(Given data)

+---+

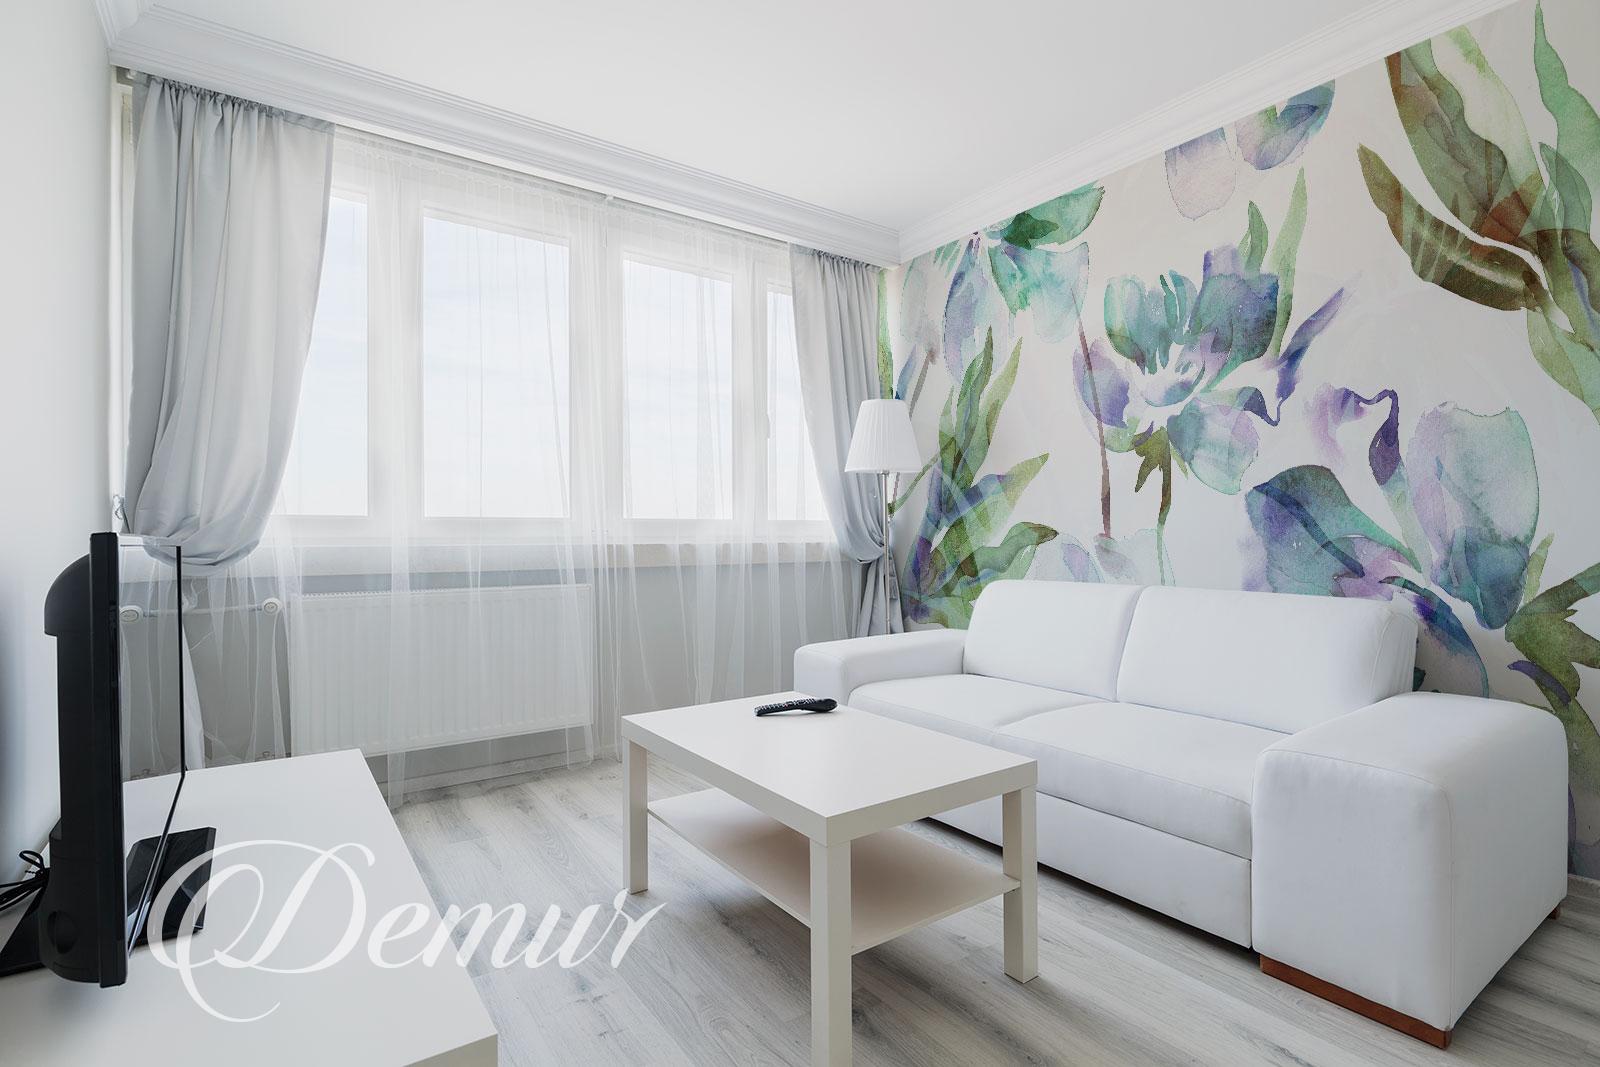 Fototapeta - Kwiaty Akwarele - Fototapeta do małego salonu - Demur
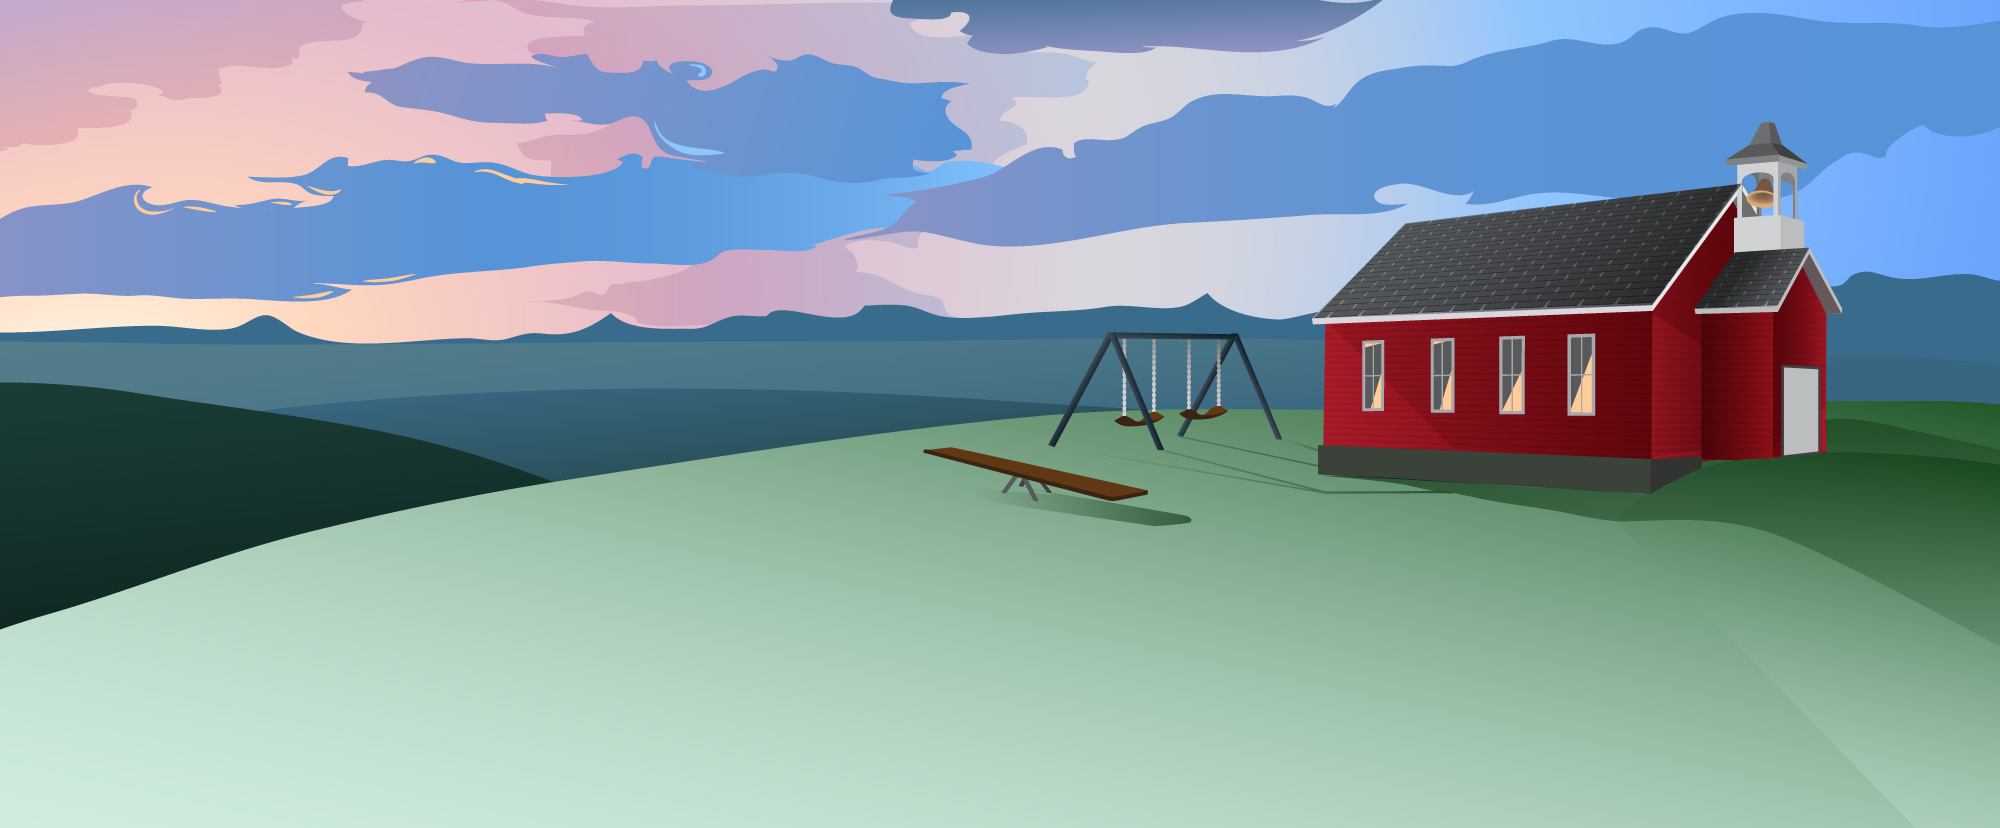 CMU-Schoolhouse-illustration
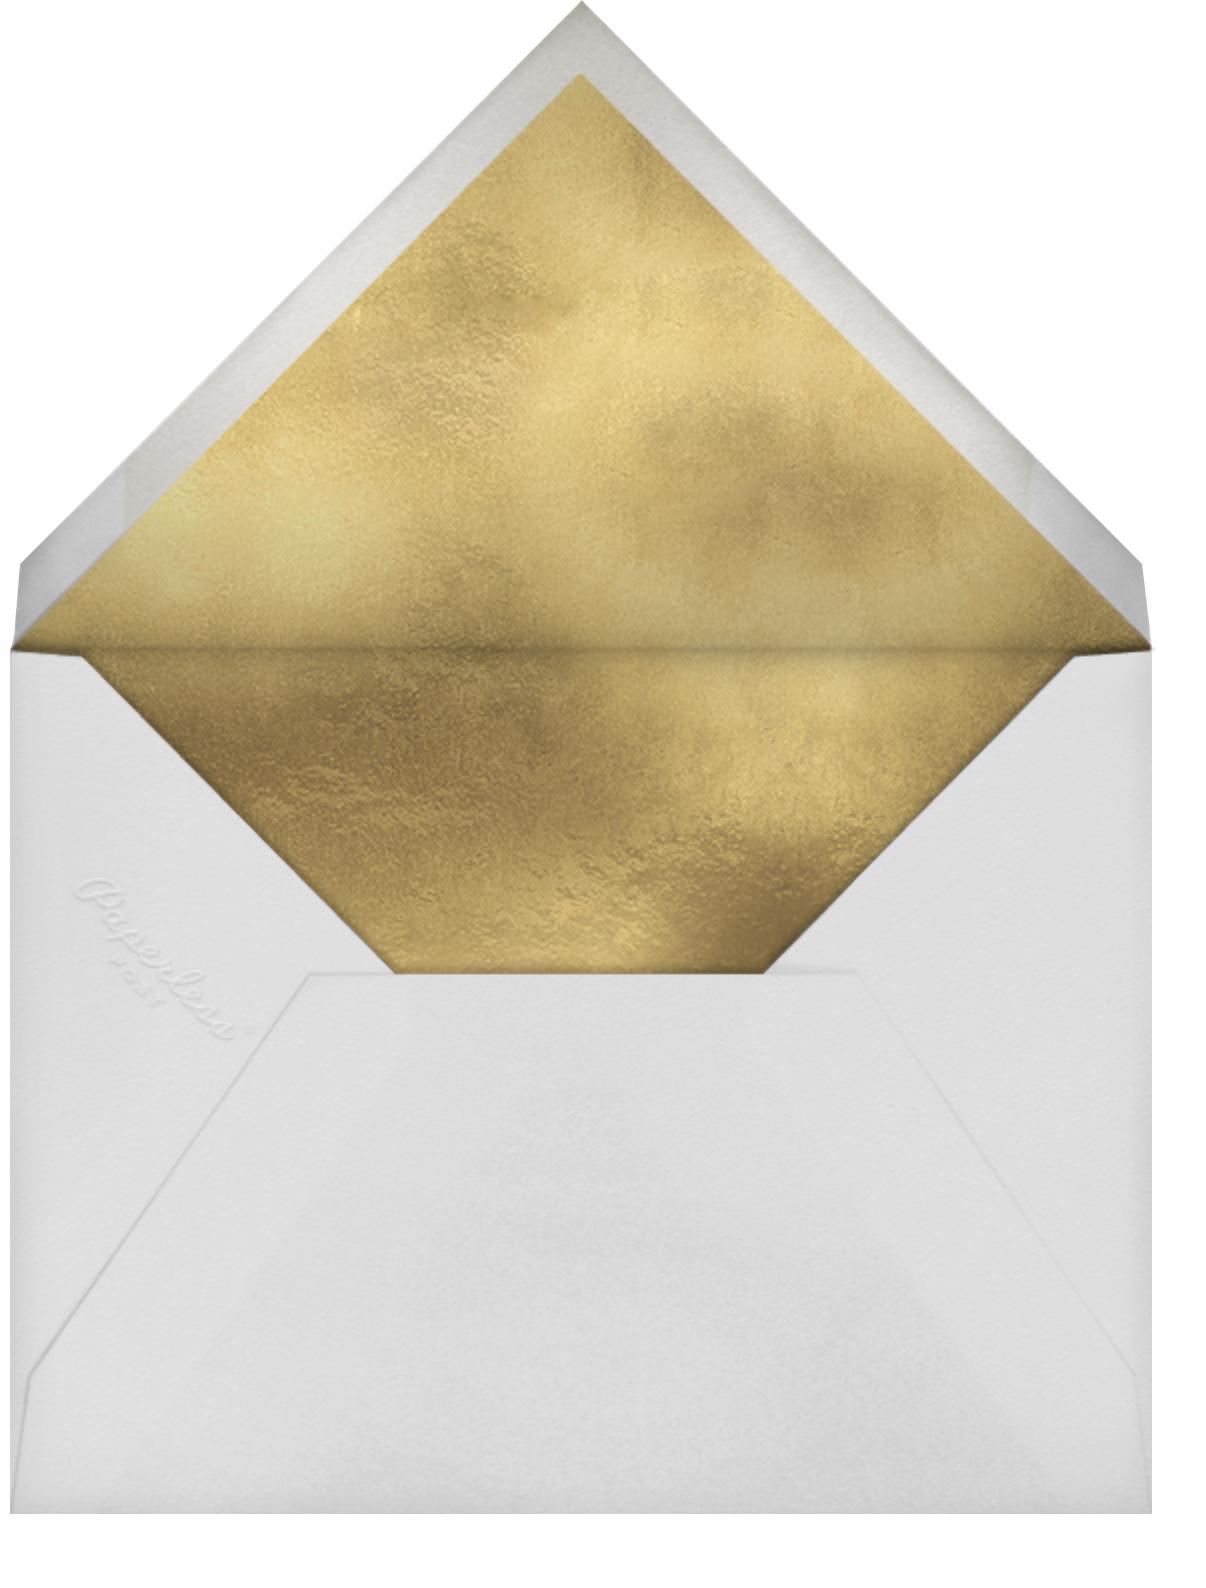 Third Party - Sugar Paper - Adult birthday - envelope back

+---+

(Task to complete)
Each line above should be returned exactly as it stands, minus any pictures.

(Answer section)
 Fototapeta - Kwiaty Akwarele - Fototapeta do małego salonu - Demur
 CMU-Schoolhouse-illustration
 Third Party - Sugar Paper - Adult birthday - envelope back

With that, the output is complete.